Noeled tiene los ojos vidriosos de emoción, y cuenta:
—Los dos escuchan alaridos terribles de un hombre que está siendo torturado. Llega entonces el inevitable momento en que lo ven, y él no necesita levantar la mirada, no necesita mostrar el rostro para que ellos sepan que ese hombre es Judas, pero también es Pedro y es Pilatos; es Hagen pero también es Kriemhild y Siegfried: no sólo el que dispara la flecha, el que da el beso y señala; también el que niega y se desentiende; también el que revela el punto vulnerable del traicionado; también aquel que permite que lo traicionen. Corre el viajero, huye desesperadamente chocando contra cada muro que en la sombra se le antepone. Como un fantasma surge el guía y abre una puerta en el muro. El viajero comprende que por fin le muestra la salida; pero antes de salir, el guía lo sujeta de los cabellos y le dice al oído: No olvides esta ciudad; y cuando hables de ella no olvides mi nombre; no me llames "el guía", llamadme Virgilio. Entonces lo suelta y el viajero se aleja corriendo.

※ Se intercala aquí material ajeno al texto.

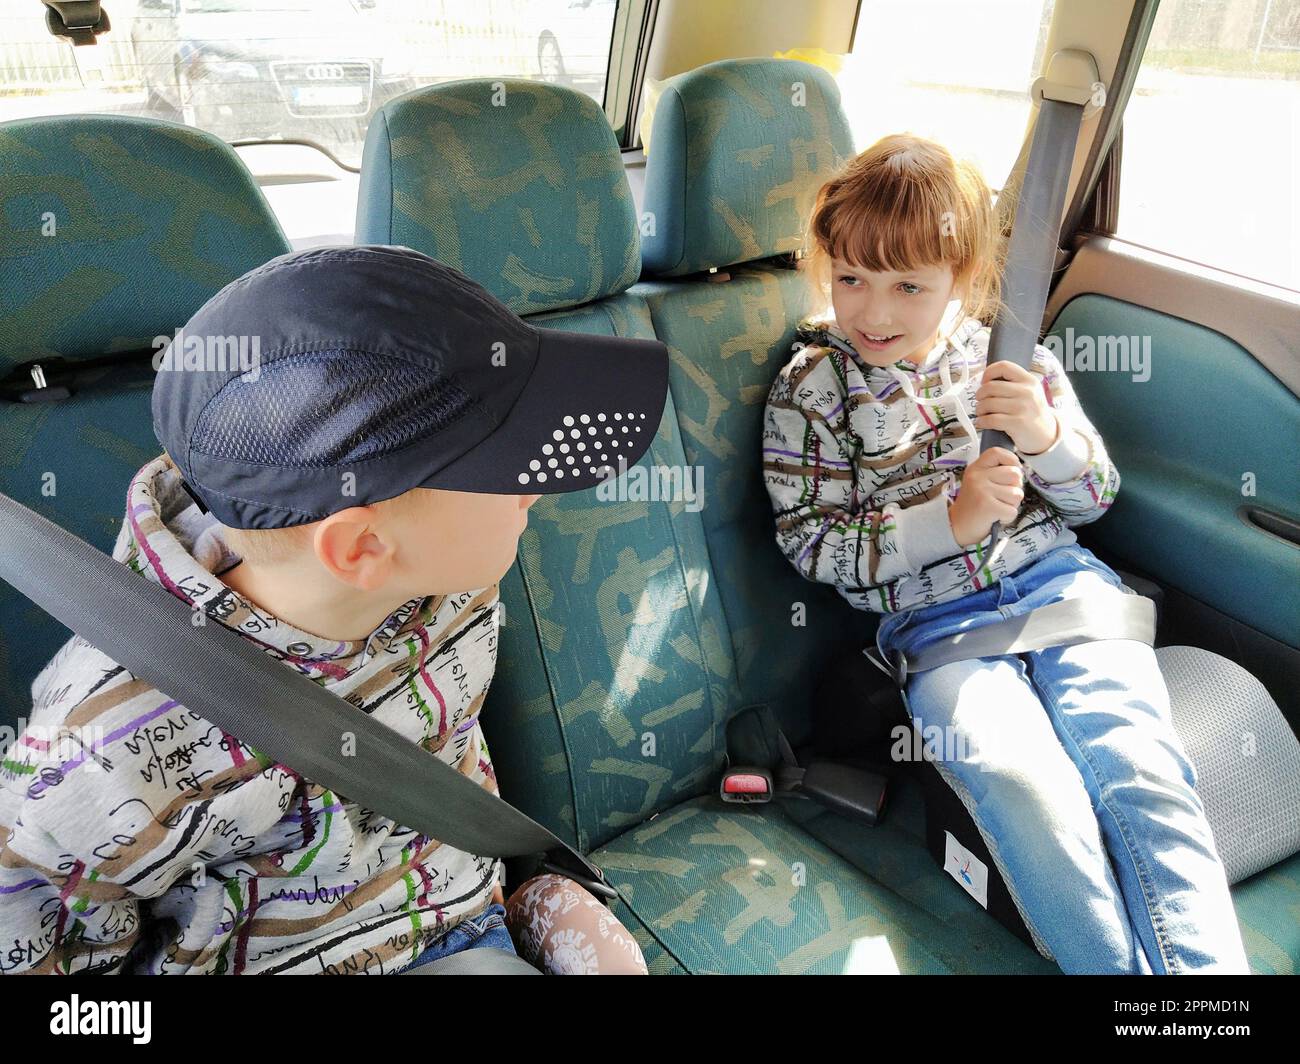 Kinder im Auto. Ein Junge und ein Mädchen sitzen auf dem Rücksitz, lachen  und grimpern. Kinder schnallen sich an. Ein Kind mit Mütze. Zwillinge mit  verschiedenen Gesichtern, die in derselben Kleidung gekleidet

— ¿Será preciso que en la escena final se vea que la cuidad amurallada tiene la figura del Diablo? —inquiere Onarres.
Los tres guardan silencio. Aznarrac apaga su último cigarrillo en el cenicero que reina en el centro de la mesa y contemplan el humo que parece envolverlos.

Tomado de La sana teoría, Estruendomudo, Perú, 2006.